Wiesener decidiu construir no mesmo quintal um farol de aproximadamente 15 pés, cerca de 4,6 metros de altura, utilizando novamente garrafas como elemento predominante.
A referência veio de um símbolo conhecido de Carrabelle, o Crooked River Lighthouse.
O farol verdadeiro, inaugurado no fim do século XIX, faz parte da paisagem histórica da região costeira.
A versão construída no quintal é muito menor, mas não ficou apenas na aparência.
“Eu sei que é um grande símbolo de Carrabelle, então simplesmente construí o meu. E funciona. Ele gira e brilha à noite”, afirmou Wiesener à WTXL.
No alto da estrutura, uma luz realmente gira quando o sistema é ligado, aproximando a peça artística da função visual de um pequeno farol.

Uma grande esfera geodésica também apareceu no quintal
A casa e o farol foram acompanhados por esculturas geométricas de grande porte.
Entre elas está uma grande esfera geodésica estática, formada por diferentes camadas de esferas conectadas.
Wiesener chegou a descrevê-la como uma espécie de autorretrato abstrato de sua própria vida.
Outra estrutura tem aproximadamente 2,4 metros de largura e funciona de maneira diferente.
Trata-se de uma esfera geodésica cinética com painéis de vidro colorido e espelhos.
Quando se movimenta sobre sua base, as superfícies refletem a luz em diferentes direções.
O uso do vidro, portanto, deixou de estar limitado à construção original.
A propriedade passou a reunir formas, cores e objetos reaproveitados em diferentes experiências visuais.

Nem todas as estruturas resistiram ao tempo
A sequência de experimentos também produziu estruturas que não resistiram ao tempo.
Segundo o Atlas Obscura, uma grande torre retorcida feita com garrafas e coberta por fragmentos de vidro começou a se deteriorar na base.
Outra obra, um arco de garrafas com aproximadamente 4,9 metros de altura, caiu pouco depois de ser concluído.
Esses episódios mostram que o quintal funciona mais como um espaço de experimentação artística contínua do que como um conjunto de construções projetadas segundo um único padrão.
Mesmo com peças que precisaram ser abandonadas ou modificadas, a Bottle House e o pequeno farol permaneceram como as estruturas mais conhecidas.
Construção custou mais de US$ 3 mil
Usar milhares de recipientes que seriam jogados fora não tornou a construção gratuita.
Wiesener informou à WTXL que, quando cimento, materiais do telhado e outros componentes foram incluídos, a Bottle House custou mais de US$ 3 mil para ser construída.
A motivação, segundo ele, também envolvia reaproveitamento.
“Eu estava tentando economizar dinheiro e salvar um pouco o mundo.

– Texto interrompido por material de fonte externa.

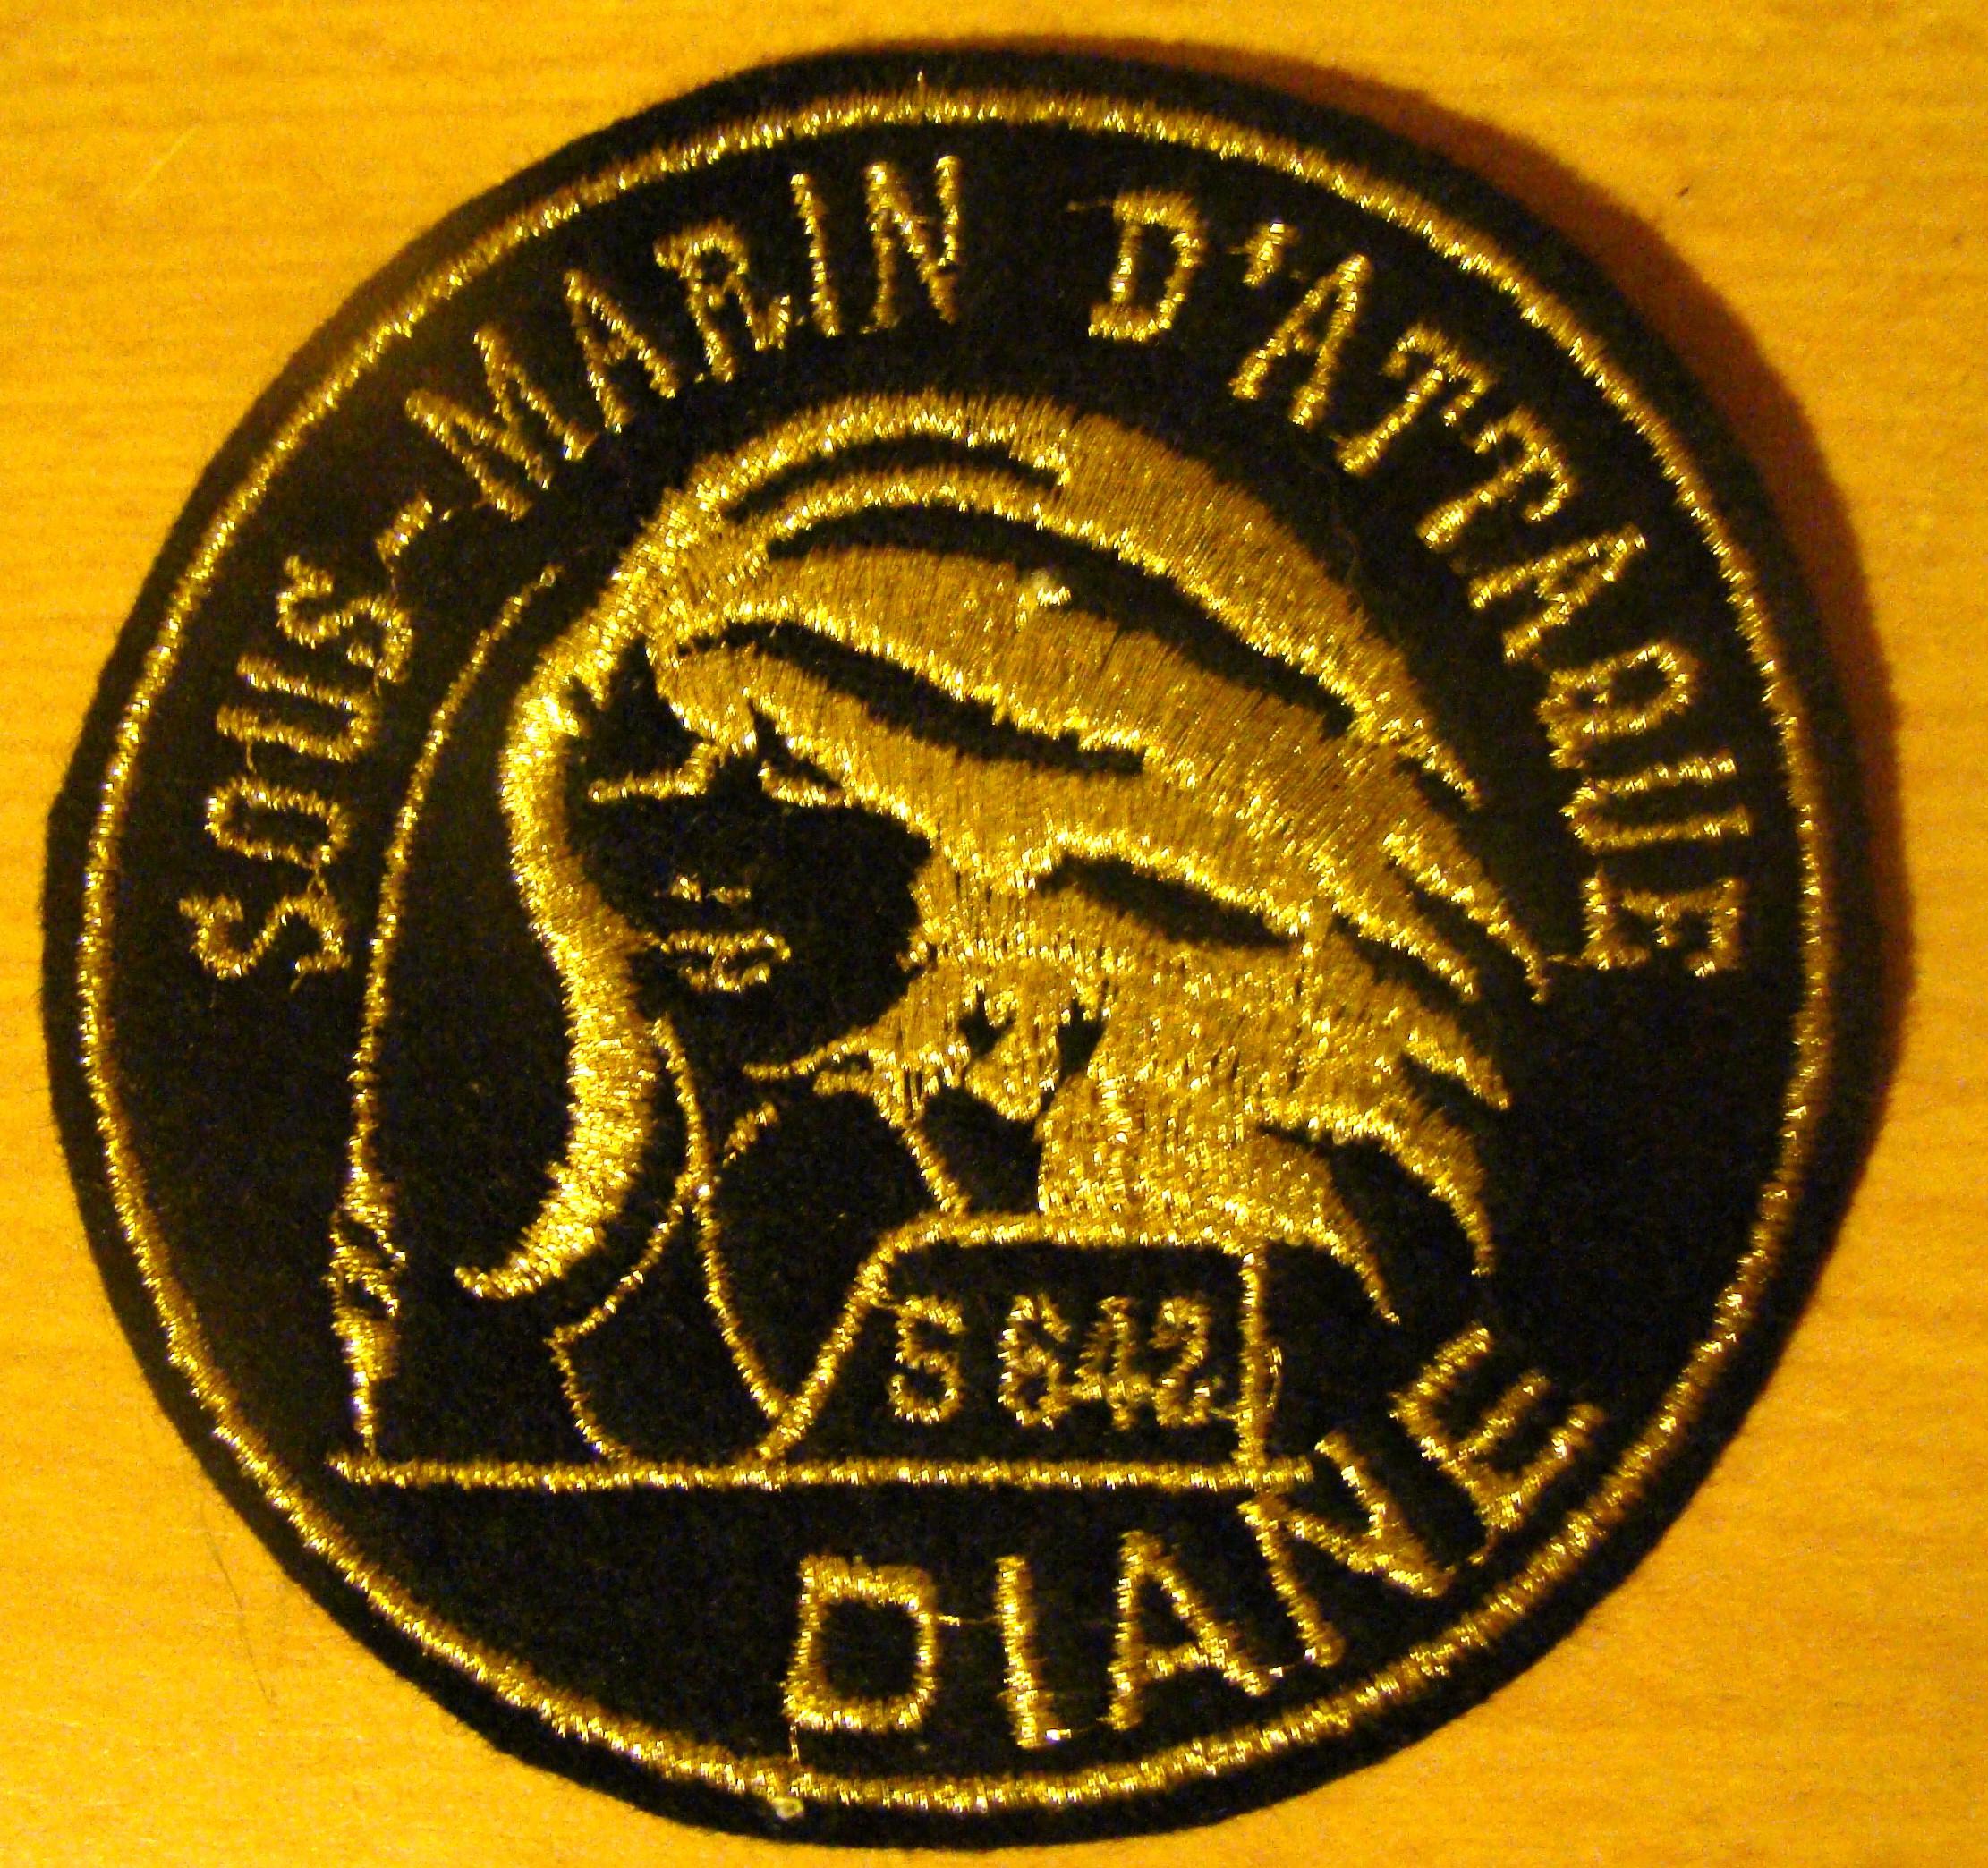 [Logos, Tapes, Insignes] Ecussons sous-marins - Page 2 442781DSC04370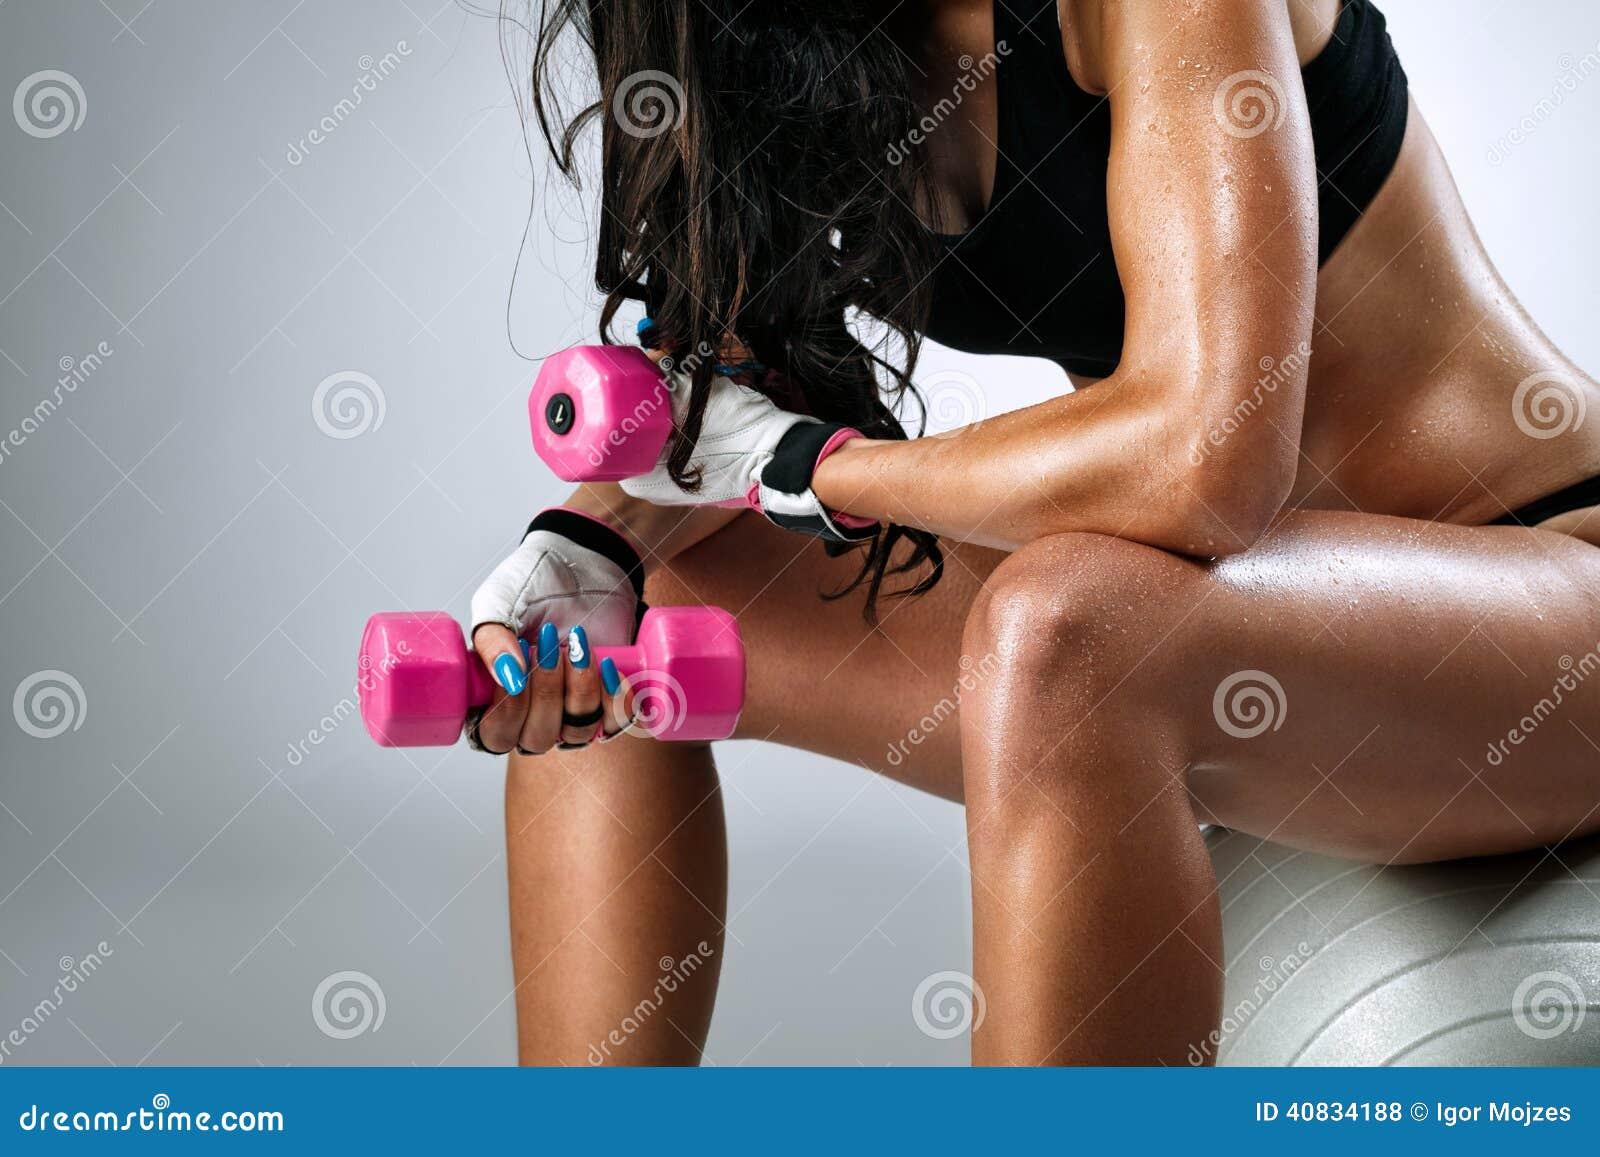 image Sweaty body after workout masturbation close up penis hairy latino don ston

Esta é apenas uma pequena contribuição”, afirmou na entrevista.
A obra acabou ganhando uma função que não estava presente no plano inicial.
Pessoas começaram a encontrar fotografias nas redes sociais, viajar até Carrabelle e entrar no quintal para conhecer as estruturas.
Reportagens posteriores registraram visitantes vindos de outras partes dos Estados Unidos e até de outros países.
Em 2018, Wiesener disse ao Spectrum News que gostaria que sua criação durasse e se tornasse um símbolo da cidade.
Mais de uma década depois do primeiro saco de cimento, o quintal ainda aparece em guias de viagem e voltou às páginas internacionais em 2026.
O que começou com garrafas destinadas ao descarte acabou ocupando paredes inteiras, subindo por um farol com luz giratória e se espalhando por grandes formas geométricas em um terreno da costa da Flórida.